Anecdotal conversations that Cherokee Media Group shared with Auto Intel Summit attendees last week generally indicated that dealers and lenders are not having too much trouble getting potential vehicle buyers the financing they need to take delivery.

The newest Dealertrack Credit Availability Index released while industry leaders gathered in Cary, N.C., reinforced that conference dialogue.

The March index jumped to 96.4, representing a 3.1% increase year-over-year, and marking the highest level of auto credit access since December 2022.

While not part of the large contingent of Cox Automotive experts in North Carolina for the Auto Intel Summit, Jonathan Gregory, a senior manager on Cox Automotive’s economic and industry insights team, reacted to the index reading and offered these general observations that accompanied the new index.

“Overall, the March Dealertrack Credit Availability Index saw notable improvements in auto credit availability, reflecting both lender behavior and broader economic conditions,” Gregory said in his analysis. “Consumers benefited from higher approval rates and increased access to subprime loans, while lenders navigated a mixed environment with varying credit demand and policies.
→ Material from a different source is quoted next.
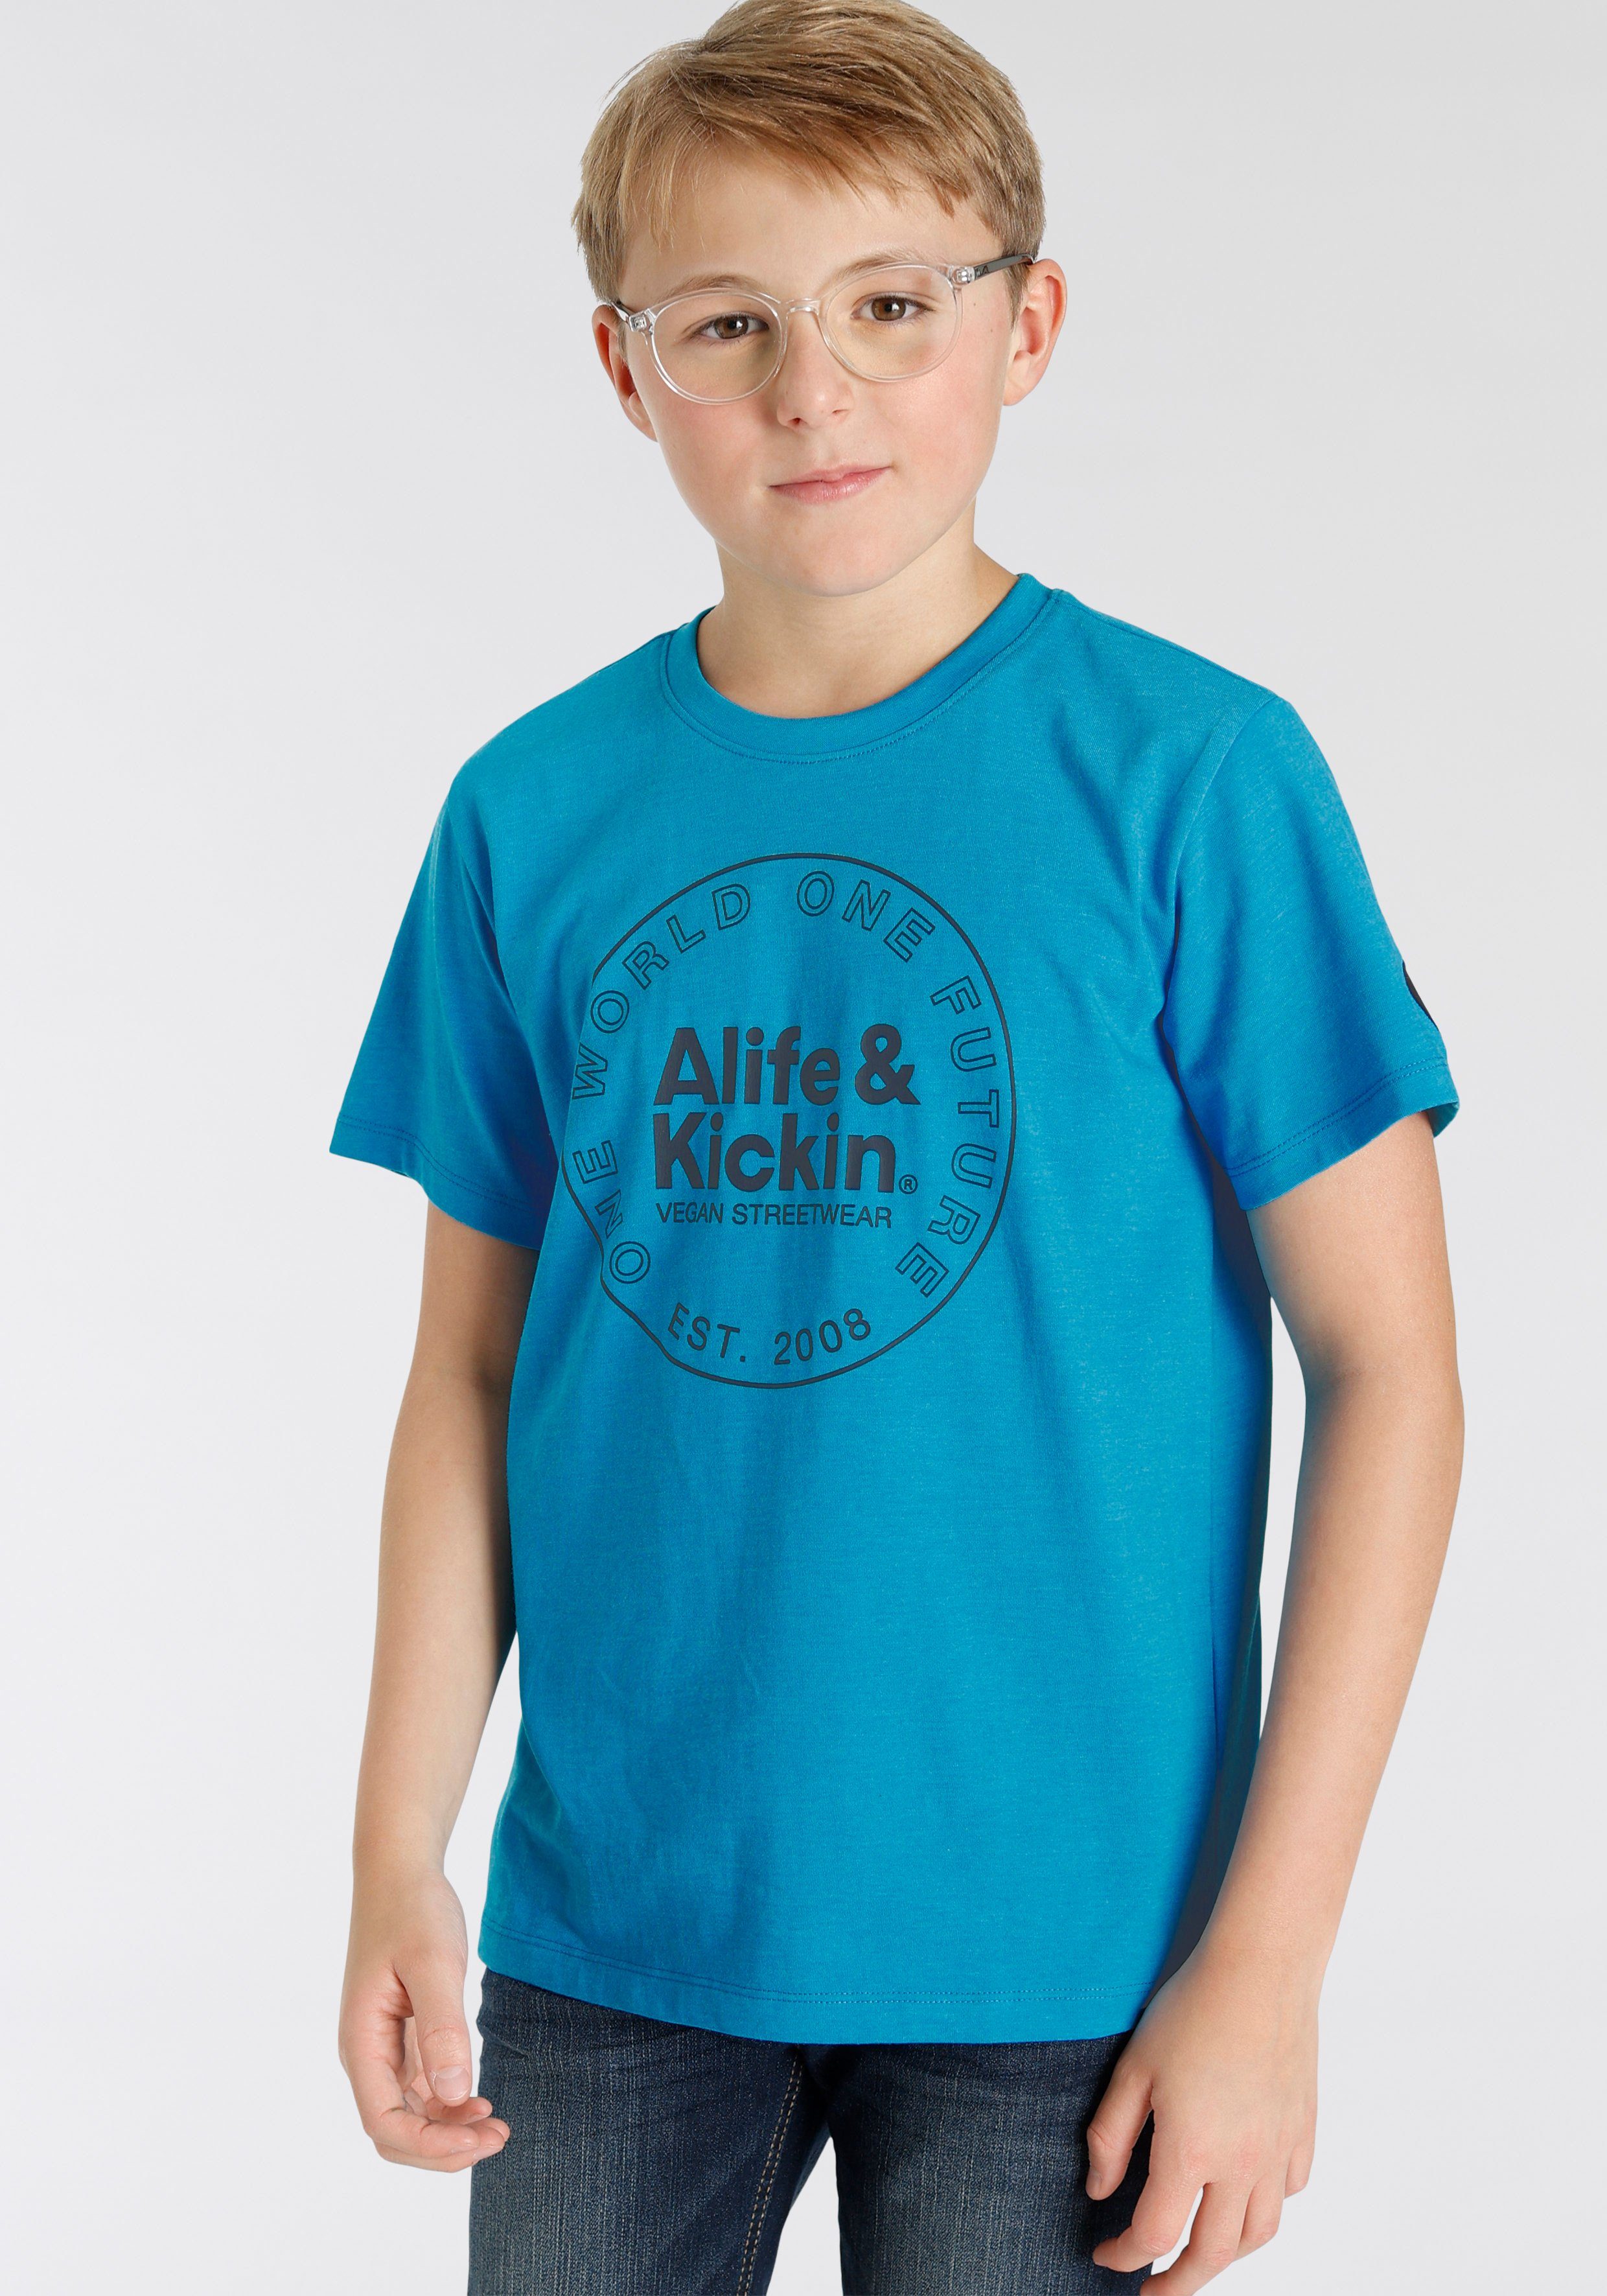 Alife & Kickin T-Shirt Logo-Print in melierter Qualität, NEUE MARKE! Alife&Kickin für Kids | T-Shirts

“For consumers, the improved access to auto credit is a positive development, particularly for those with lower credit scores,” he continued. “However, the higher yield spreads and down payment requirements mean that borrowing costs may be higher. Consumers should carefully consider the terms of their loans and their ability to manage monthly payments and overall debt.

“For lenders, the increased subprime share and longer loan terms indicate a willingness to take on more risk,” Gregory went on to say. “However, the higher yield spreads and down payment requirements suggest that lenders are also taking steps to mitigate this risk. Lenders will need to balance their risk appetite with prudent lending practices to ensure the stability of their loan portfolios.”
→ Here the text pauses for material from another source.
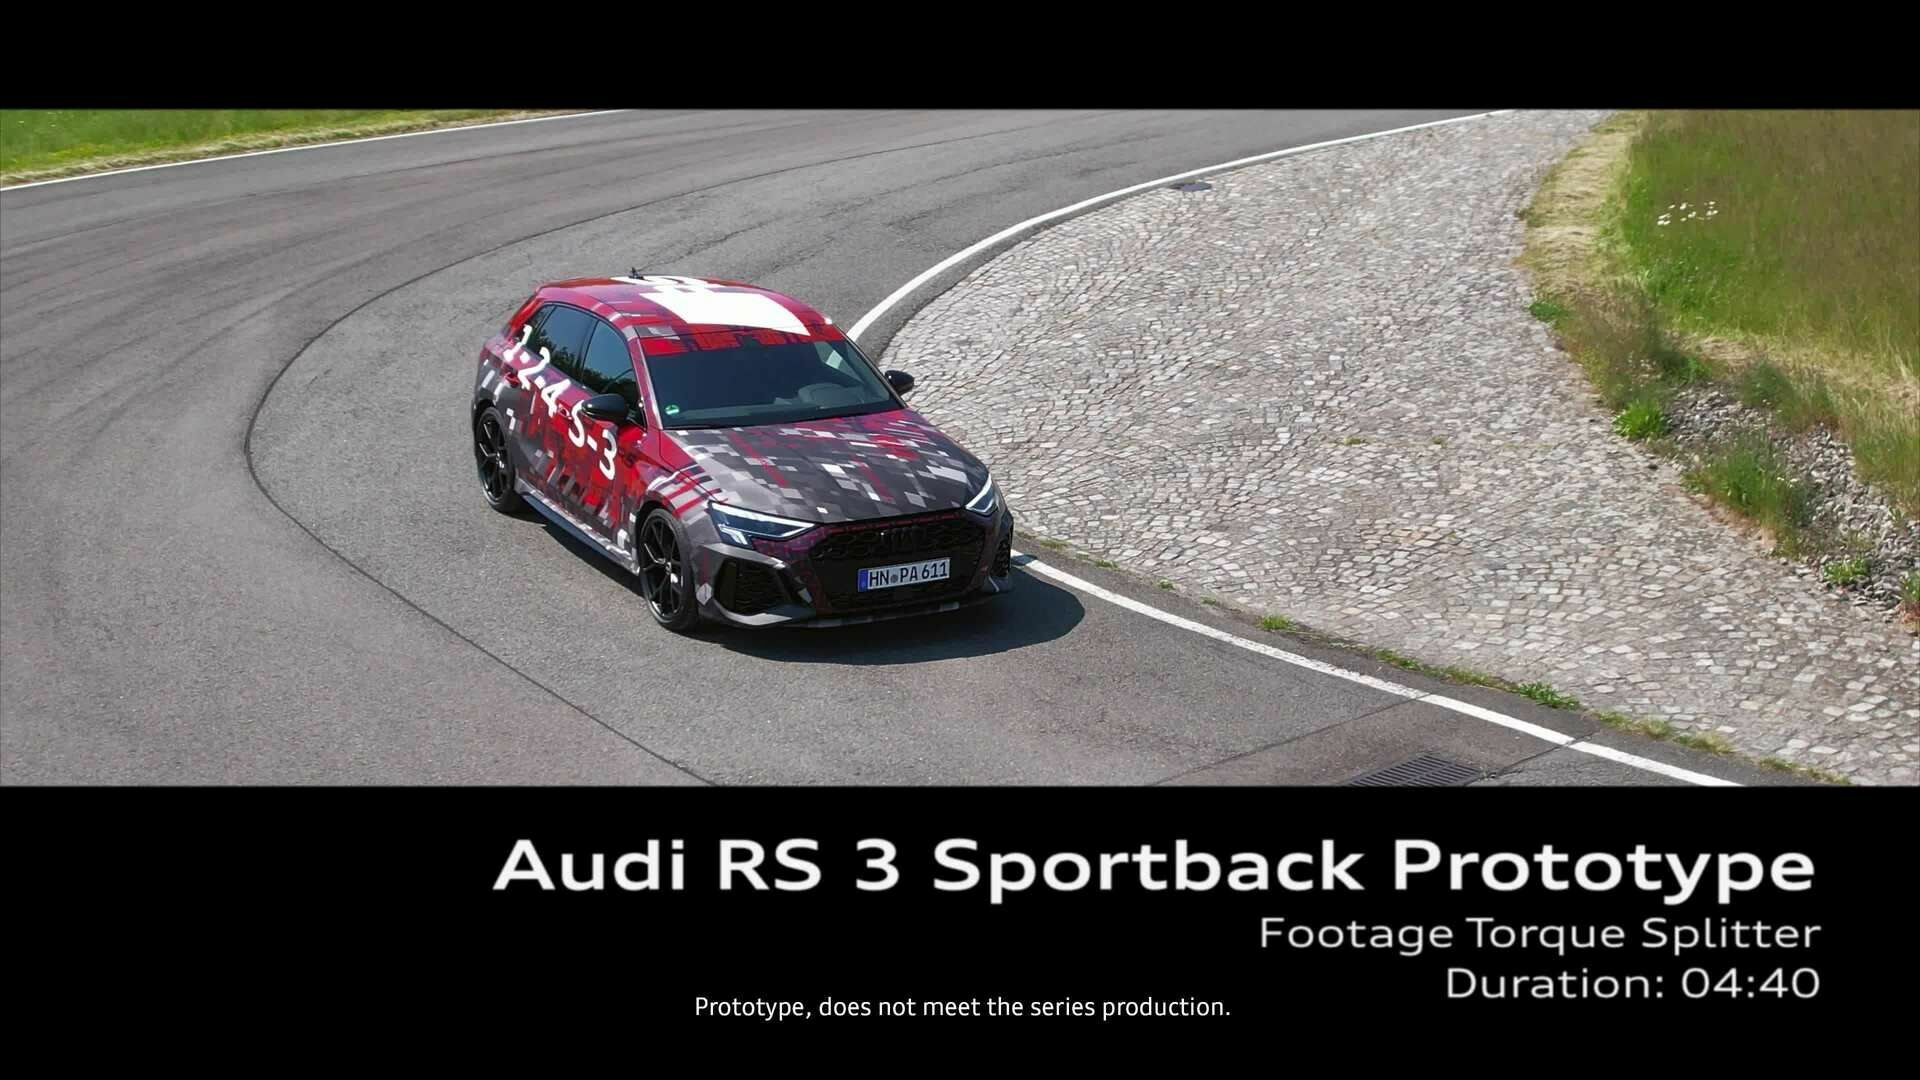 Footage: Audi RS 3 Sportback prototype

Gregory drilled deeper into the six components that go into how Cox Automotive forms the index, beginning with approval rates.

Cox Automotive reported auto-finance approval rates increased by 150 basis points in March.
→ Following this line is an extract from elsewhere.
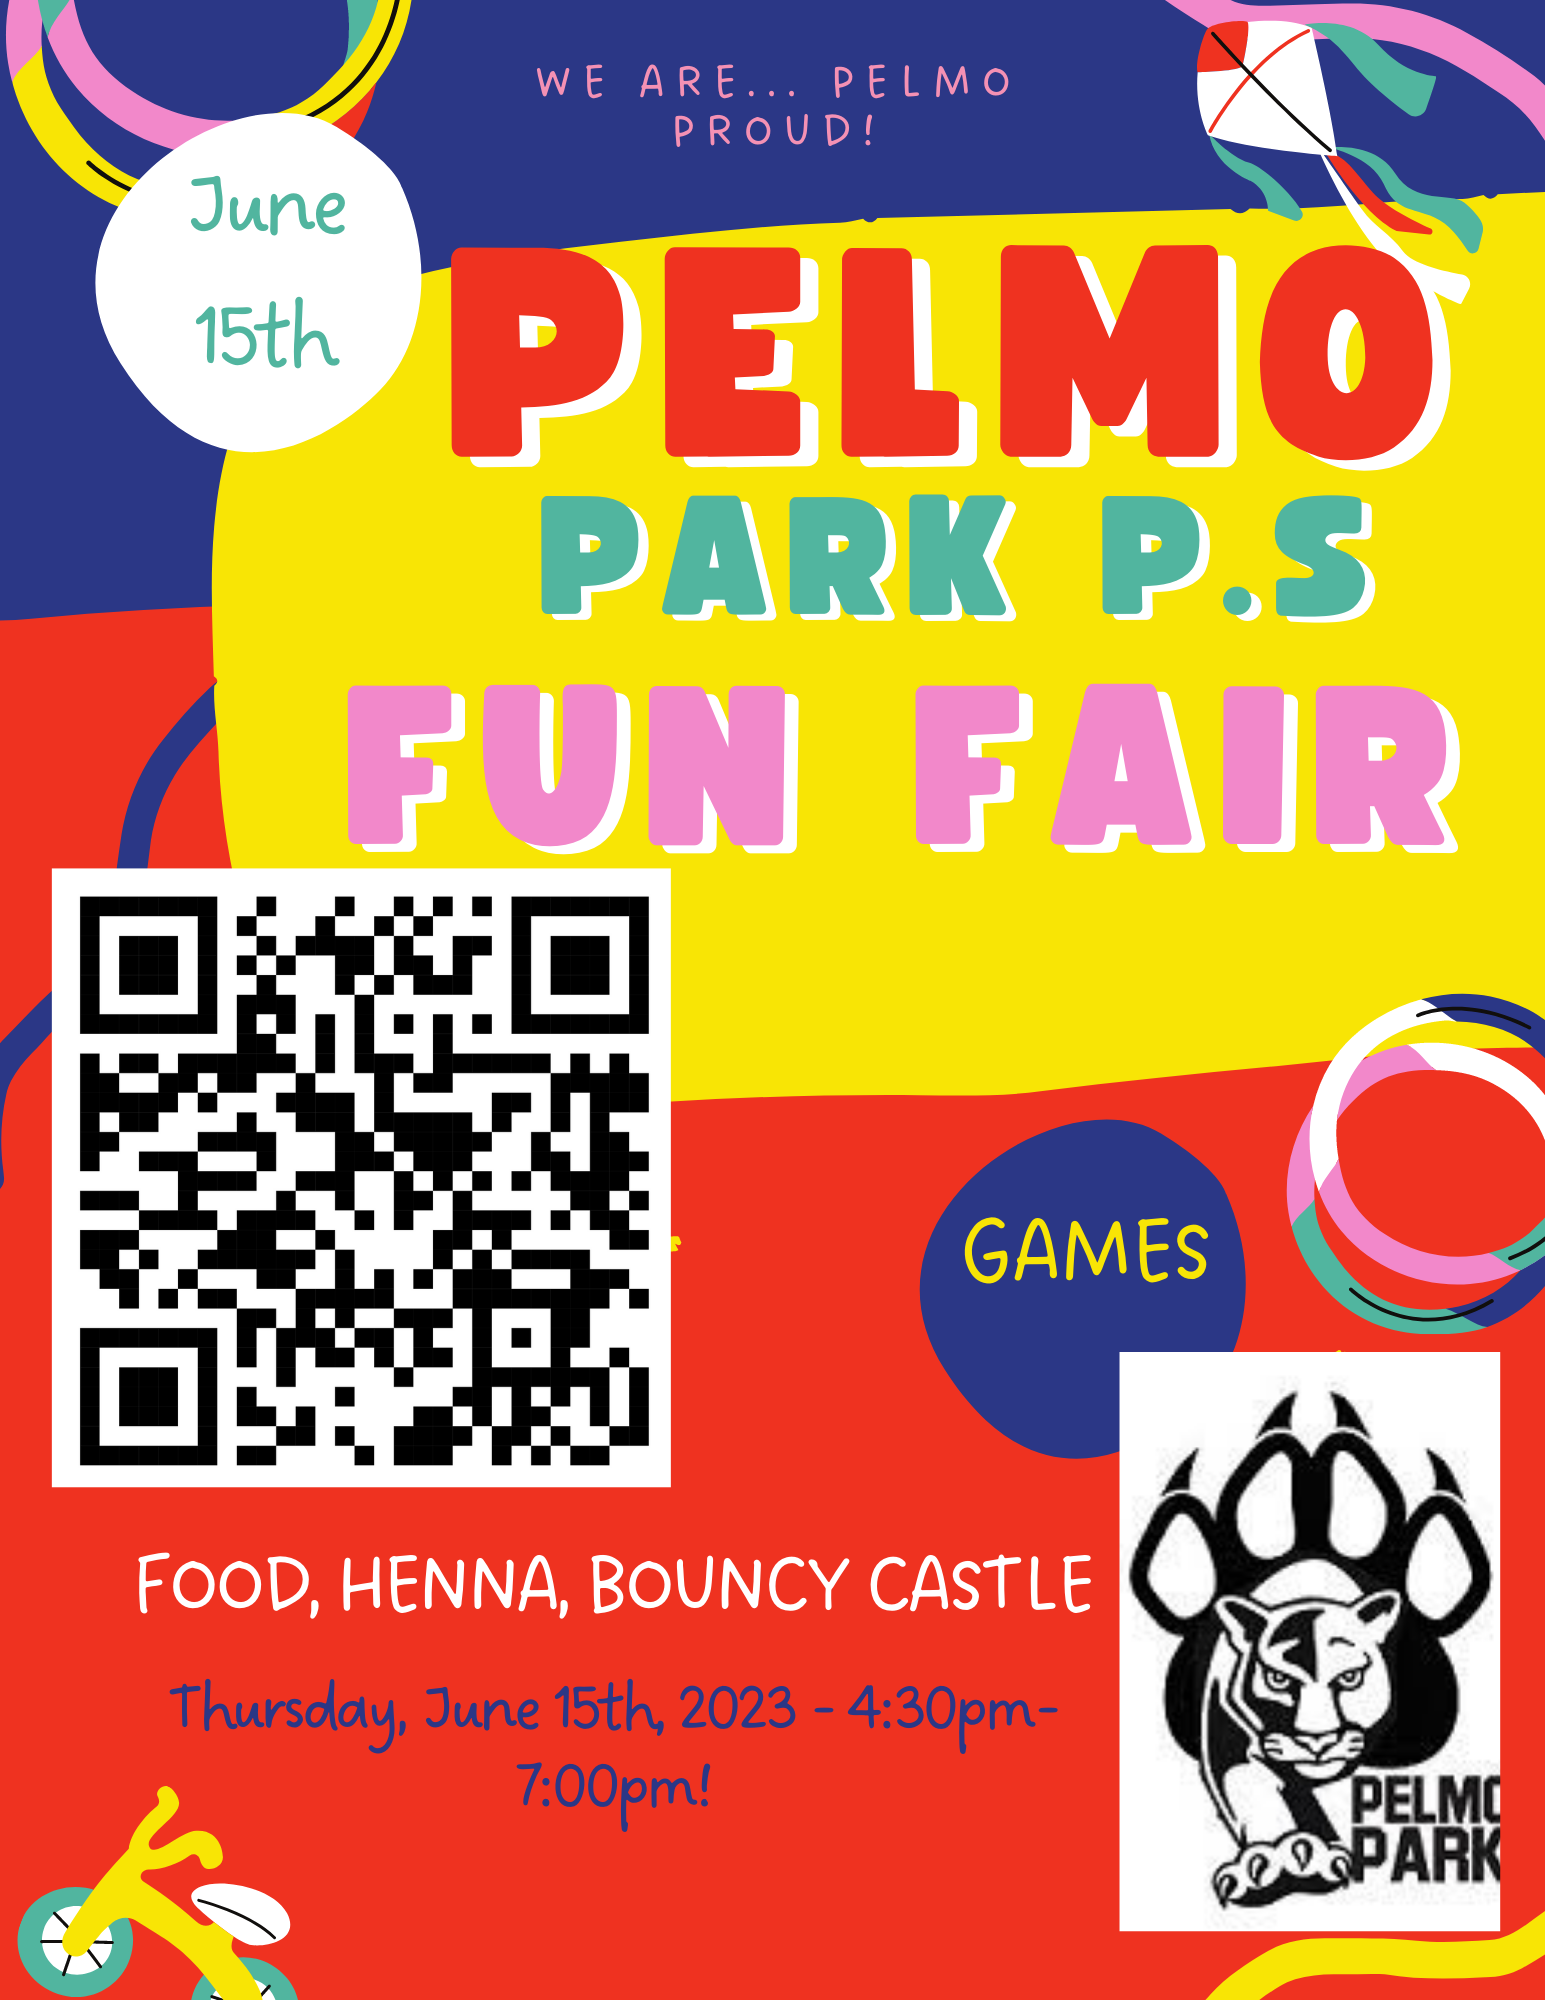 Pelmo Fun Fair
Thursday, June 15 Open Gallery

“This increase indicates that more consumers were able to secure auto loans, reflecting a more favorable lending environment,” Gregory said. “Higher approval rates can be attributed to lenders’ confidence in the economic outlook and consumers’ ability to repay loans.”

As Gregory referenced, Cox Automotive noticed that the subprime share of loans — representing contracts booked with borrowers who have lower credit scores — soared 220 basis points higher in March.

“This significant rise suggests that lenders are more willing to extend credit to higher-risk borrowers. The increase in subprime lending can be seen as a double-edged sword: while it expands access to credit for consumers with lower credit scores, it also introduces higher risk into the lending portfolio,” Gregory said.

Turning next to auto finance’s connection to federal activities, Cox Automotive found that the yield spread rose 50 basis points in March compared to February.

Specifically, Cox Automotive reported that the contract rate for February came in at 11.34%, and for March, it ticked up to 11.79%. Meanwhile, the five-year Treasury note sat at 4.29% in February and 4.04% in March.

“Higher yield spreads indicate higher costs for borrowers, which could be a response to the increased risk associated with a higher subprime share,” Gregory said. “This trend suggests that while lenders are willing to take on more risk, they are also compensating for this risk by charging higher interest rates.”

Looking at loan terms, Cox Automotive indicated the share of contracts booked for 72 months or longer decreased by 50 basis points in March.

“Longer loan terms can make monthly payments more affordable for consumers, but they also result in higher overall interest costs over the life of the loan,” Gregory said. “The decrease in longer-term loans may indicate that consumers are seeking ways to manage their monthly expenses more conservatively.

Another headwind mentioned by analysts was negative equity share, which represented the proportion of borrowers who owe more on their contracts than the value of their vehicles. Cox Automotive said that share increased by 40 basis points in March.

“This rise is an important indicator of financial stress among borrowers,” Gregory said. “Higher negative equity shares can lead to increased default rates, as borrowers may struggle to keep up with payments on loans that exceed the value of their assets.”

Finally, Cox Automotive pointed out that the average down payment percentage required for loans increased by 40 basis points compared to February.

“Higher down payments can reduce the loan amount and the risk for lenders, but they can also pose a challenge for consumers who may not have sufficient savings. The slight increase in down payment requirements suggests that lenders are taking a cautious approach to mitigate risk,” Gregory said.